Perhaps it is worthwhile putting together the history of La Haule as the various deeds kept there show its continuous history for the last five centuries. The earliest deed is dated 1430 and is the will of Guillaume du Marest, who was a jure-justicier in 1497 and Lieutenant for Thomas Danyell, Bailiff, when he used for his seal the letters G M with a crown above. (Editor: this date cannot be correct. Records of Jurats in the 14th and 15th century are incomplete, but in Jerripedia's listing Guille (or Guillot) Dumaresq is shown as Jurat between 1403 and 1413, and Thomas Danyell was Bailiff between 1406 and 1425).

Family

He had married a daughter of Jacques de Beaucamp, as is shown in a Guernsey contract of 1430, when James Coquerel was Bailiff.
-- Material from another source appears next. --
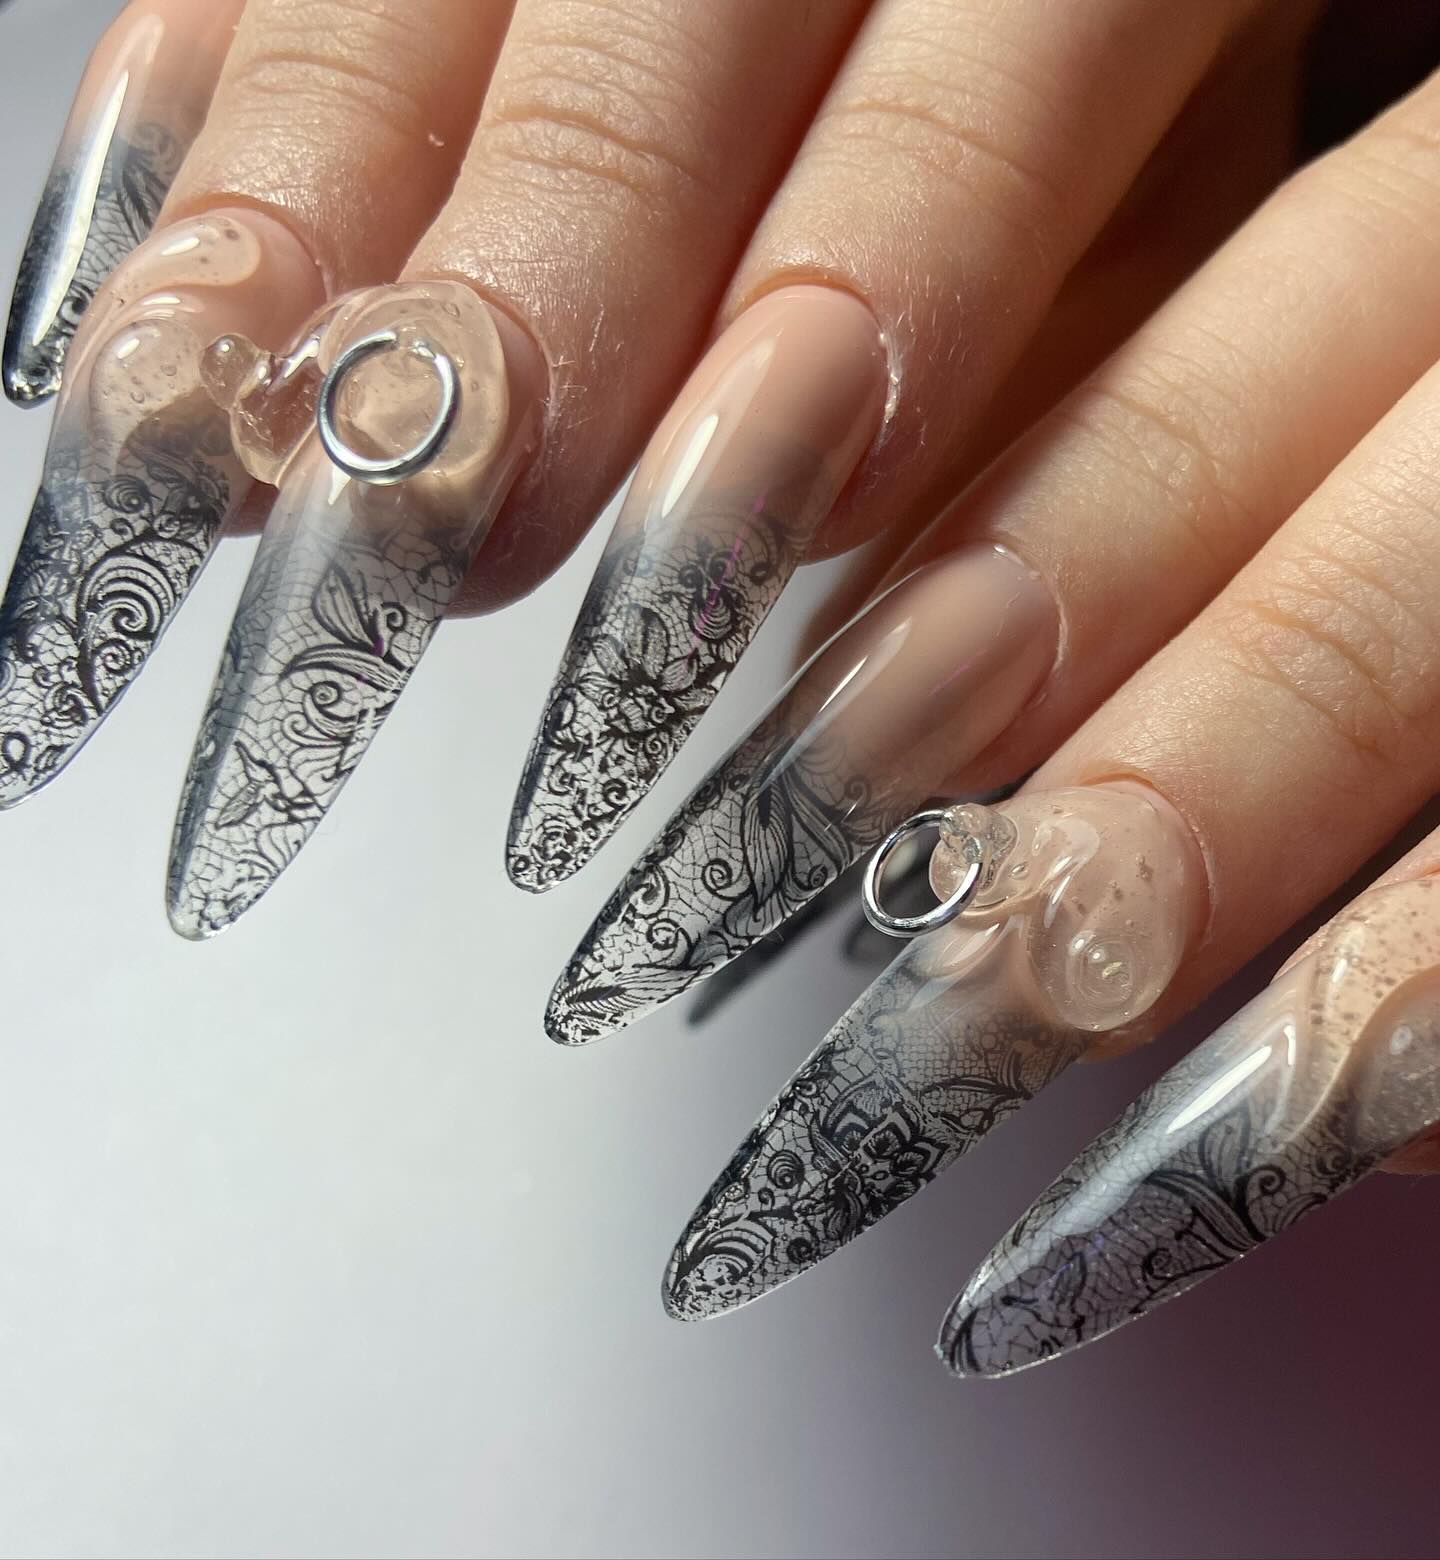 Elegant Lace Design on Stiletto Nails with Piercings

This contract shows that Oliver Le Loe, son of Oliver, owes Pierre Nicolas, Attorney of Guille du Marest of Jersey, and Lucas de la Mare, attorney of Jennette de Beaucamp, widow of Guille Morin, (Jure-Justicier in Jersey 1415-1429) deceased, two quarters of rente on land in St Sampson's, Guille du Marest's wife and her sister being daughters of Jacques de Beaucamp and heirs of Philip de St Martin.

By his will Guille du Marest left to his elder daughter, wife of Perrot Nicolas of Guernsey, the manor of La Haule, with its gardens, the côtils of Mont de la Rocque (the hill west of the present Mont au Roux, or La Haule Hill) with the meadow near to the Spring, the neuf clos in front of the yard, the mielles or sand dunes, the côtils of Mont es Vales (the hill East of the present La Haule Hill) some fields at the top of this hill, le camp es potirons, le clos Jehanne de la Haule, le rondin, le clos de la hougue, with the house in it, le camp au geon, and some other bits of land. This shows that La Haule owned then, as it does now, the valley of Mont au Roux with the cotils on both sides.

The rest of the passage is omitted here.